As one can see in the insets of Figure 6, the optimal incident field profile barely overlaps the atomic array from the outside, setting π phase shift between neighboring atoms at the edges with almost no influence at internal atoms. Therefore, a total angular momentum of the beam l + s matches to either a half of total number of edge atoms 2(N − 1), see Figure 6(a), or the same number but excluding corner atoms 2(N − 2), see Figure 6(b). In the first case, the beam is capable to excite the B ₂ state with a dominant ψ ^(N,N) contribution. In the second case, where the field at the corners is absent, it is optimal to excite A ₂ state with a dominant ψ ( N , N − 2 ) − contribution. Thereby, a fine tuning of the incident beam frequency and angular momentum allows for selectively exciting the desired long-living eigenmode of the array.

4.3 Relation to high quality modes in nanophotonic cavities

Importantly, the generality of the reported results is also underlined by the tight connection to the research area of engineering of planar dielectric nanophotonic cavities, such as homogeneous dielectric cavities [52], [ and periodic or quasi-periodic nanostructured cavities [65], [66].

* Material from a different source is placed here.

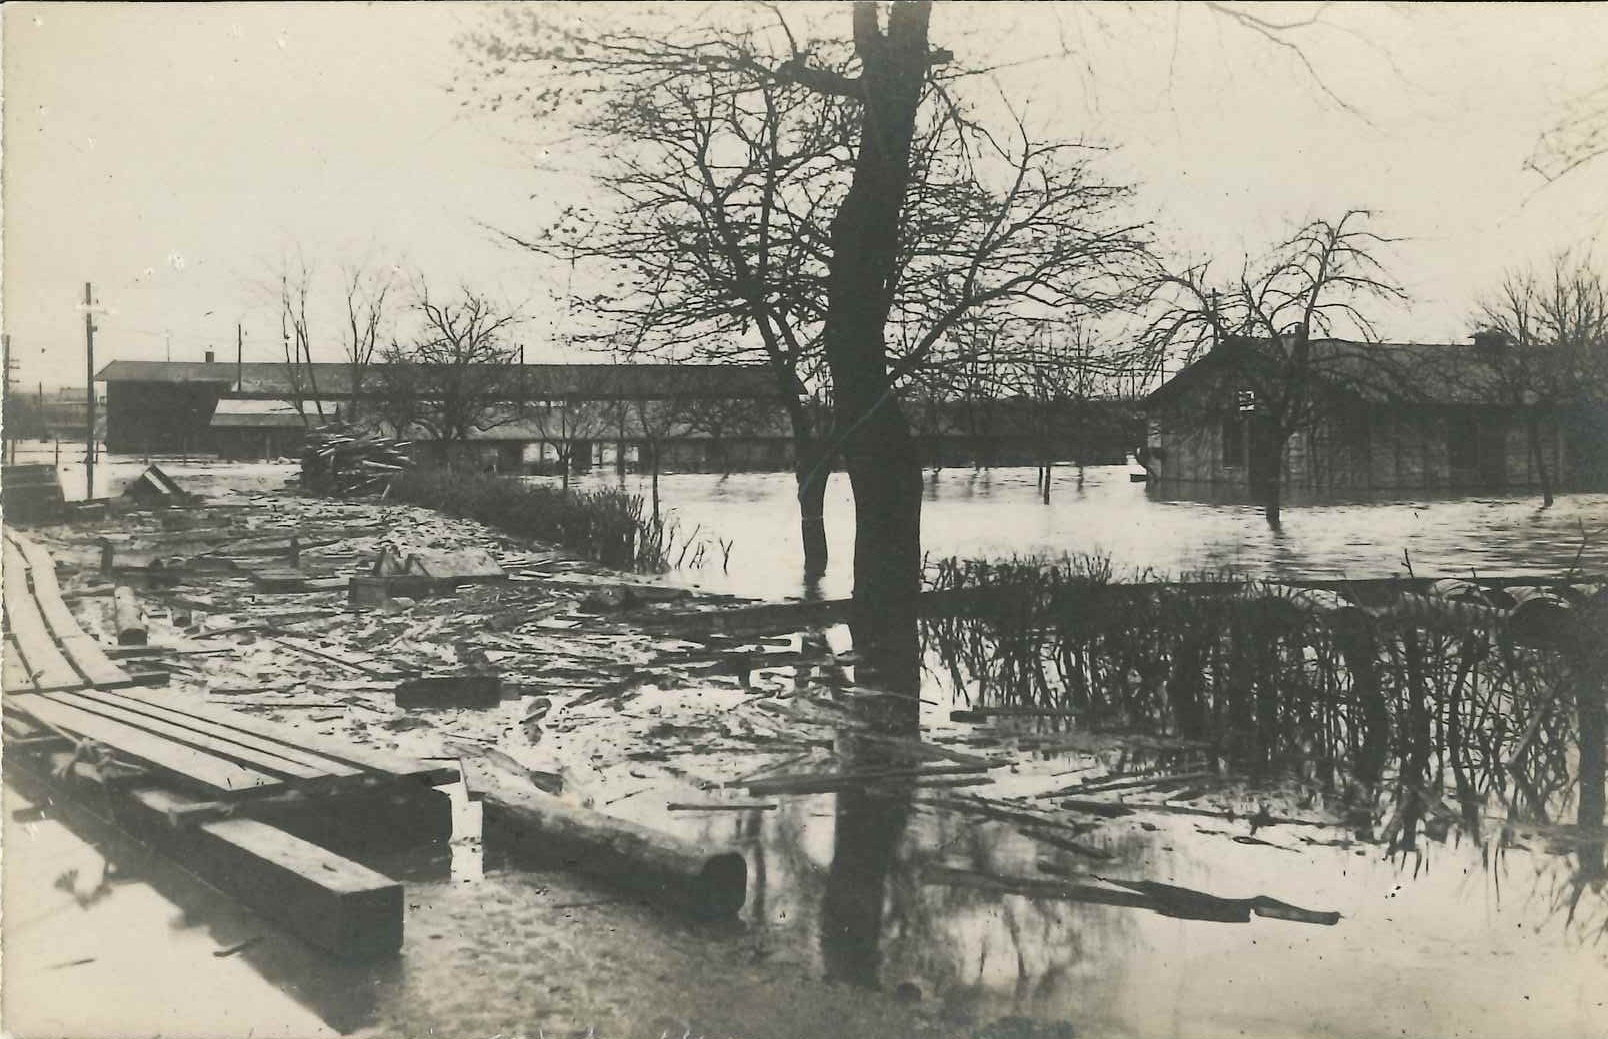 Hochwasser Bendorf Dez. 1919 - Jan. 1920 (Rheinisches Eisenkunstguss-Museum CC BY-NC-SA)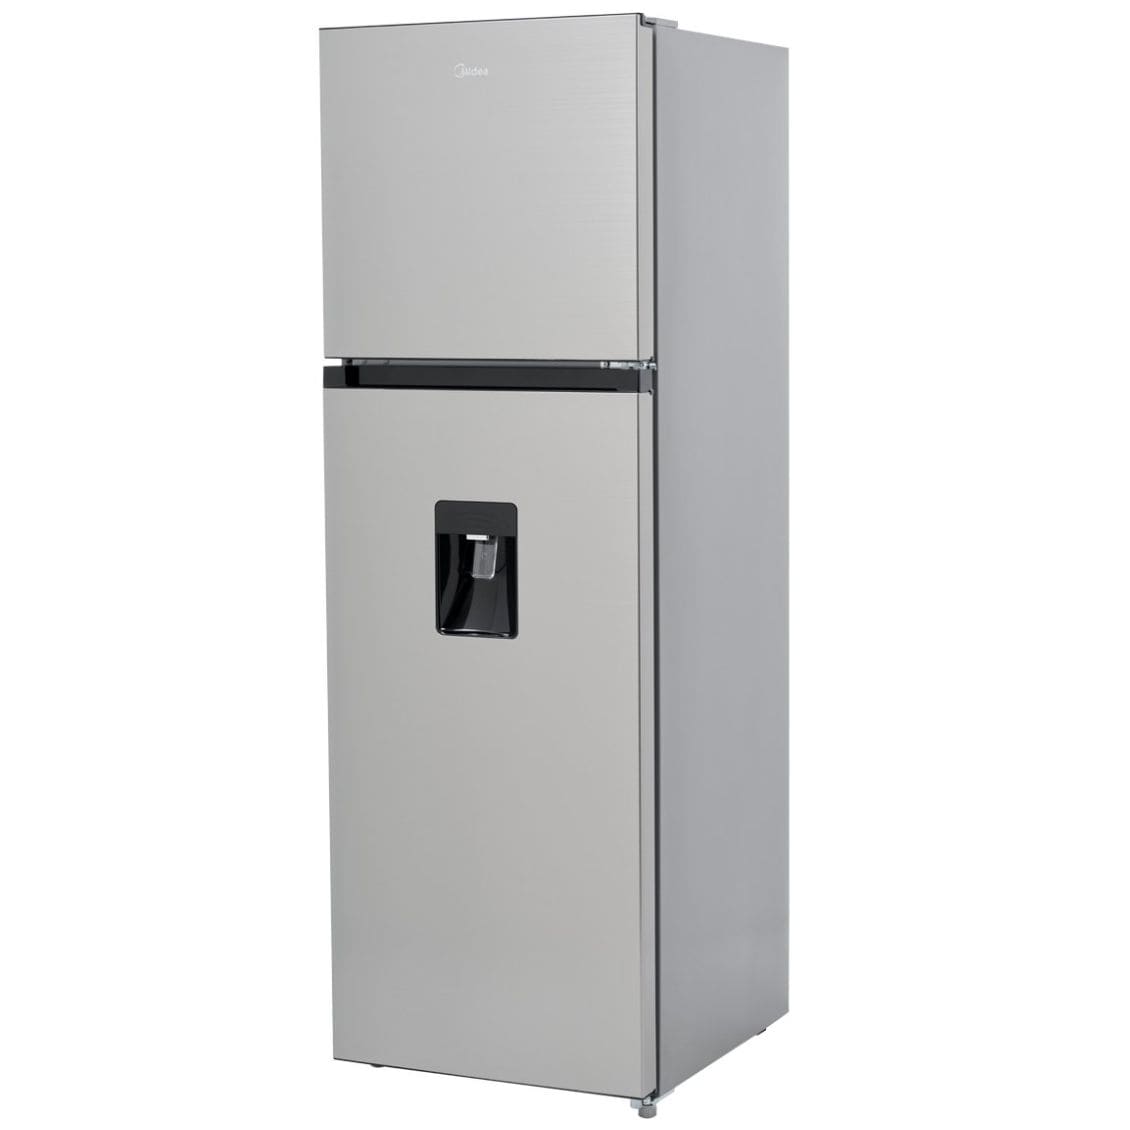 Refrigerador Top Mount Midea 10 P3 Inoxidable Mdrt280Windxw

The resonators made of homogeneous dielectric are expected to have the highest Q-factors for spherical or cylindrical geometries, which exhibit the highest symmetry. However, the utilized fabrication methods or proposed technological applications sometimes demand the use of the cavities of the other shapes, e.g. cubes, squares, hexagons etc., which were also shown to support rather high Q-factors and have potential in development of micro and nanolasers [52], [67], [68]. The dispersion of homogeneous dielectric is, however, quasi-linear and the external coupling due to quasi-flat band in this case is not possible. Unlike the homogeneous cavitites, the dispersion in the nanostructured ones, i.e. photonic-crystal or nanoparticle cavities, is more tunable. Consequently, quasi-flat and nonmonotonous bands in such structures result in the quality factor boost in the finite arrays [66]. By proper translating all mechanisms of the subradiant states formation reported in this work for the dipolar arrays onto the nanophotonic platform could lead to the development of the novel designs of the compact optical micro and nanocavities.